Figure 5: Cross-attention heatmaps reveal the spatial adaptation of model focus according to distinct instruction types, evidencing targeted structural parsing capacities.

BCDSTab Benchmark Construction

BCDSTab, comprising 900 images, is synthesized via TME using PubTabNet and FinTabNet as sources. By explicitly balancing cell count, merge patterns, dimension diversity, and context, BCDSTab covers dense, long-form tables absent in prior benchmarks. It provides HTML, atomic matrix, bounding box, and content annotations, supporting holistic evaluation. Figure 6

Figure 6: Overview of BCDSTab’s annotation schema and data statistics, demonstrating coverage of complex layouts and diverse merge structures.

Experimental Results

InstructTable achieves SOTA or near-SOTA performance on FinTabNet, PubTabNet, MUSTARD, and BCDSTab (structure-only TEDS up to 99.2% on FinTabNet, surpassing all VCTSR and VLM baselines with fewer parameters in most cases). On MUSTARD, the approach outperforms SPRINT by 10.11% and Gemini 2.5 Pro by 1.65% in TEDS. For long and dense tables in BCDSTab, InstructTable, when augmented with TME-generated data, surpasses models such as MinerU2.5 and DeepSeek-OCR.

Ablation studies on instruction pre-training and TME augmentation show additive and synergistic improvements in S-TEDS and TEDS, confirming the efficacy of both architectural and data-centric innovations. Removing any single instruction group diminishes overall performance, with the generic structure instruction being most critical.

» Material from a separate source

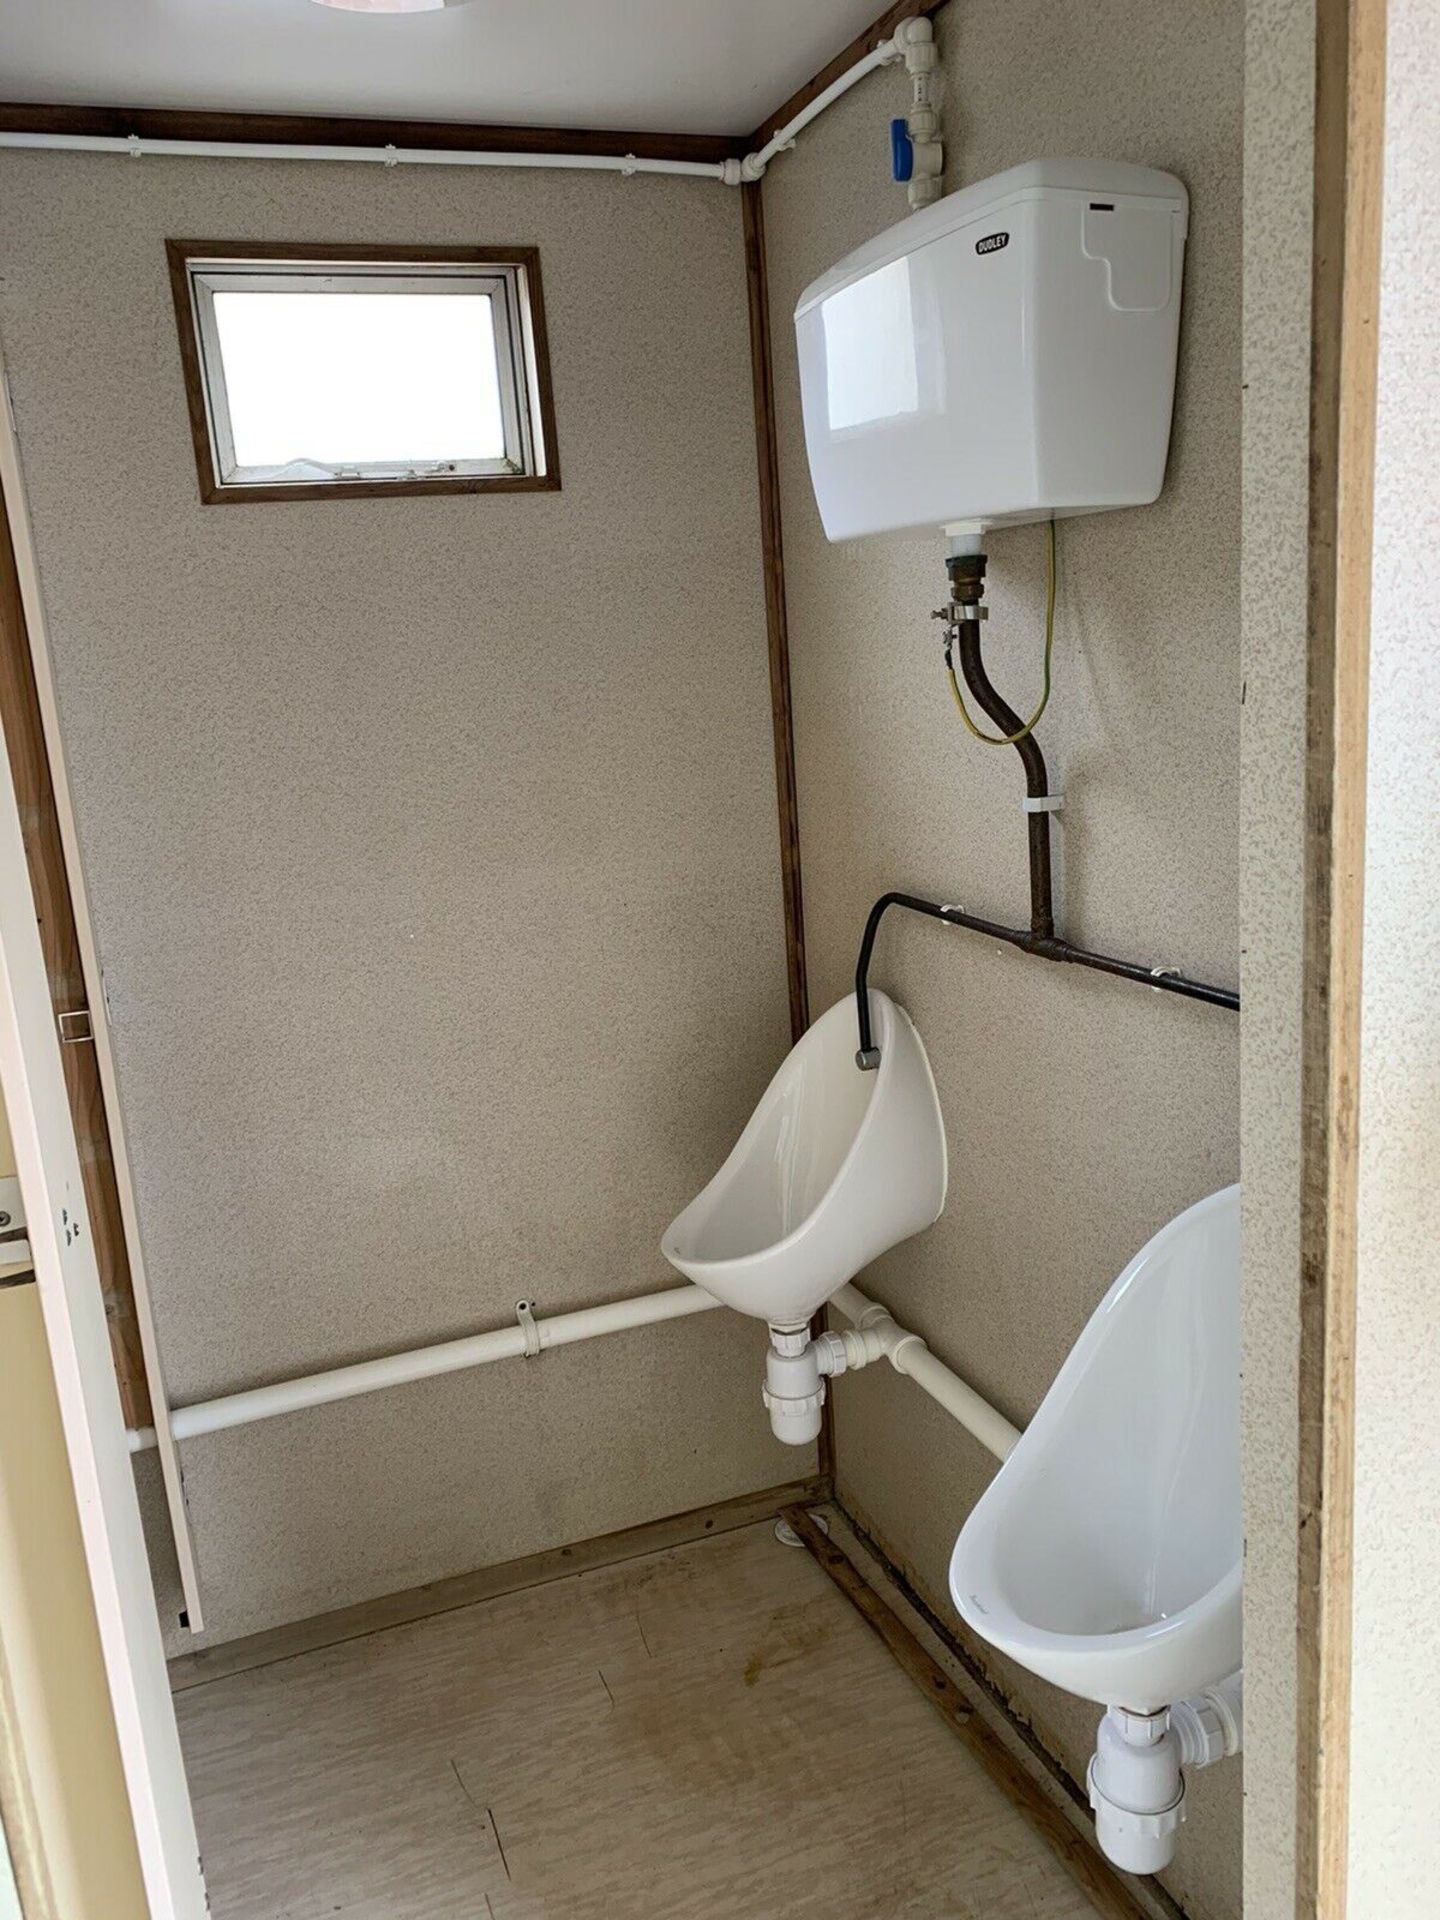 Portable Shower Drying Room With Toilets - Image 8 of 11

Qualitative analyses show superior prediction fidelity, especially in capturing complex merge patterns and mitigating over-segmentation errors. Figure 7

Figure 7: Visual comparison of output predictions from MinerU2.5, Gemini 2.5 Pro, and InstructTable on complex BCDSTab samples. Error regions are highlighted, evidencing InstructTable's superior localization and structure recognition.

Figure 8

Figure 8: Further visual comparison on BCDSTab, reinforcing the error reduction of InstructTable in challenging scenarios.

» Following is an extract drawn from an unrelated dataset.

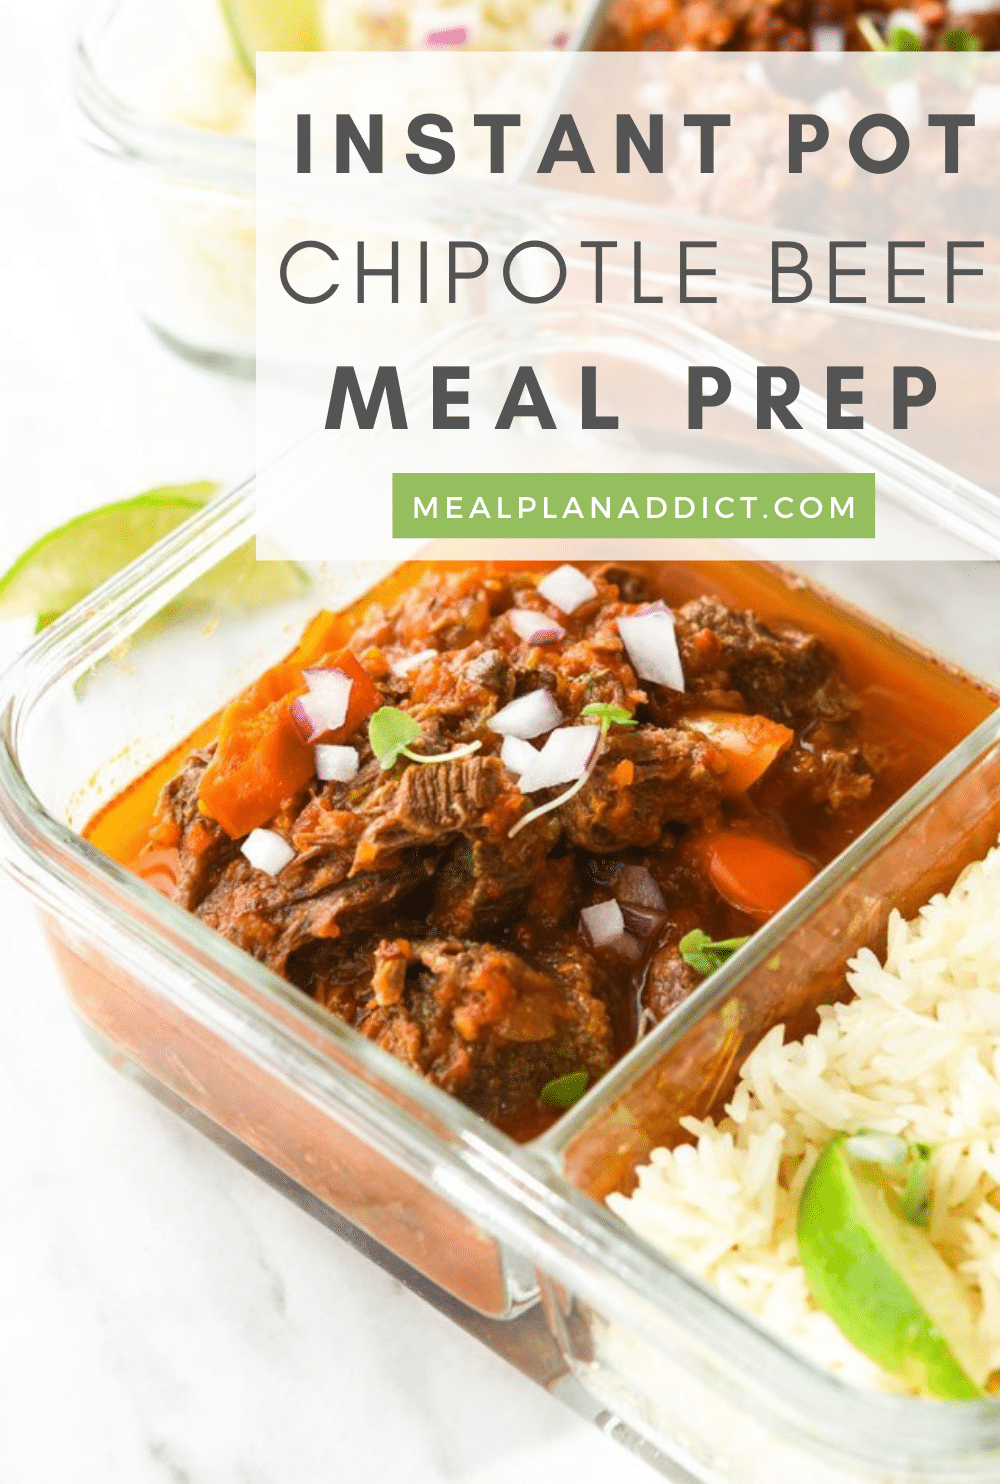 Chipotle Beef pin for Pinterest

Theoretical and Practical Implications

This work demonstrates that explicit instruction-guided modulation within multimodal models bridges the observable gap between vision-only and vision-LLMs in fine-grained tabular understanding. The flexibility of TME enables lifelong data expansion, facilitating domain-adaptive training without template-induced bias, and establishes a testbed for extreme table scenarios via BCDSTab. The comprehensive framework—combining architectural innovation, supervision design, and data curation—offers a paradigm adaptable to other complex structured object recognition tasks.

Anticipated future developments include extending instruction-based control to retrieval-augmented or interactive document understanding systems and leveraging instruction-based alignment for better generalization and cross-lingual transfer in low-resource tabular settings.

Conclusion

InstructTable embodies an effective synthesis of instruction-driven joint modeling and scalable, authentic synthetic data augmentation. The model closes the gap between semantic comprehension and visual alignment, addressing limitations of legacy TSR and VLM approaches. Extensive benchmarks and ablations solidify its status as a robust foundation for complex table structure recognition tasks. Both the model and the BCDSTab benchmark catalyze future research in vision-language parsing under resource and scenario diversity constraints.